=== EXERCISE REQUIREMENTS ===
Filter the entries below, keeping only lines with "case".

=== DATA RECORDS ===
★ ★ ★ ★ ★
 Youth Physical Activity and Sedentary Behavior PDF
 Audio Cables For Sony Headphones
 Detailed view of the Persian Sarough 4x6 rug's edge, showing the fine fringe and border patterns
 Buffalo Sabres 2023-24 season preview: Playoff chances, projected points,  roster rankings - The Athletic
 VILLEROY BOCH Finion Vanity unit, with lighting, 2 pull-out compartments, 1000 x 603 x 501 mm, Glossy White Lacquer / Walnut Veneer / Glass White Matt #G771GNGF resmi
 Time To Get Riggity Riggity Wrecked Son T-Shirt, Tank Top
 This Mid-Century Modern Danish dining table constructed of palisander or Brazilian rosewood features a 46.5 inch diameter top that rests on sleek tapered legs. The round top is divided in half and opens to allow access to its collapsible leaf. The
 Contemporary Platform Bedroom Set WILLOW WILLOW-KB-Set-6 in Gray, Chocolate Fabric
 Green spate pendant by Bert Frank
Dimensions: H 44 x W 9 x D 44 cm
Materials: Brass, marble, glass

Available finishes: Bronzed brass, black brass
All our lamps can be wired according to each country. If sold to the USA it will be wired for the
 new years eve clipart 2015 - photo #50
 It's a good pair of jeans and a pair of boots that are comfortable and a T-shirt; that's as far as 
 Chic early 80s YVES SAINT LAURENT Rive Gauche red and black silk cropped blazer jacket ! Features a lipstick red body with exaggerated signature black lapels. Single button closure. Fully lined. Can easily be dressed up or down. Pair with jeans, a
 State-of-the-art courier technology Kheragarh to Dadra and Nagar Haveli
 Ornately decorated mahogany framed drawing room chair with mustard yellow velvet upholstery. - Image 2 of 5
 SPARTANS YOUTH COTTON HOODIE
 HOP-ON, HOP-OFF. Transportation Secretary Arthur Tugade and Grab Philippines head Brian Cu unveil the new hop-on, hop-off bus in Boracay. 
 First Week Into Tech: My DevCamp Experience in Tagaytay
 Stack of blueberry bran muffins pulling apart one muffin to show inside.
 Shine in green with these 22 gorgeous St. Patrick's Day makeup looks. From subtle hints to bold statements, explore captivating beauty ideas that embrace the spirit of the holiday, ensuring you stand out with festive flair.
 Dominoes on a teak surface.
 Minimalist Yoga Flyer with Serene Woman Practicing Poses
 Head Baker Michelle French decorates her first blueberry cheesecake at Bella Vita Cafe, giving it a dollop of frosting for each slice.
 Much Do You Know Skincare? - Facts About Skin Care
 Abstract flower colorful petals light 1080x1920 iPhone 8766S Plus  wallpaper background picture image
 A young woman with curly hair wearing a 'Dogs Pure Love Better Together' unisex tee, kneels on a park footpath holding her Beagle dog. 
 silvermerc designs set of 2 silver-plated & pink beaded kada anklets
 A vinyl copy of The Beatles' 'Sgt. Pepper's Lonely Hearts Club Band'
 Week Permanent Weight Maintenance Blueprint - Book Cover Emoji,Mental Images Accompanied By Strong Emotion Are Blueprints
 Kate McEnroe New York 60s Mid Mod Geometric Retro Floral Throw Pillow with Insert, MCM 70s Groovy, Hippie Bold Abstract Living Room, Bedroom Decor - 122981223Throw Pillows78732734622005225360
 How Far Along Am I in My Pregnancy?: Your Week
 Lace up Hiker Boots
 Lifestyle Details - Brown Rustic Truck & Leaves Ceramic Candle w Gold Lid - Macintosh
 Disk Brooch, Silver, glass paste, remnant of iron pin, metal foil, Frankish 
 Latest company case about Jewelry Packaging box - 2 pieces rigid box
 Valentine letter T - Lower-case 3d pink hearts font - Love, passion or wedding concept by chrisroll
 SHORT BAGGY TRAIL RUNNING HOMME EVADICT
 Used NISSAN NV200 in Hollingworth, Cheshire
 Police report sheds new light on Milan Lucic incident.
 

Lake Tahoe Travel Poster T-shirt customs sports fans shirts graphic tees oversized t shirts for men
★ ★ ★ ★ ★
=== RESPONSE TO THE EXERCISE ===
 Latest company case about Jewelry Packaging box - 2 pieces rigid box
 Valentine letter T - Lower-case 3d pink hearts font - Love, passion or wedding concept by chrisroll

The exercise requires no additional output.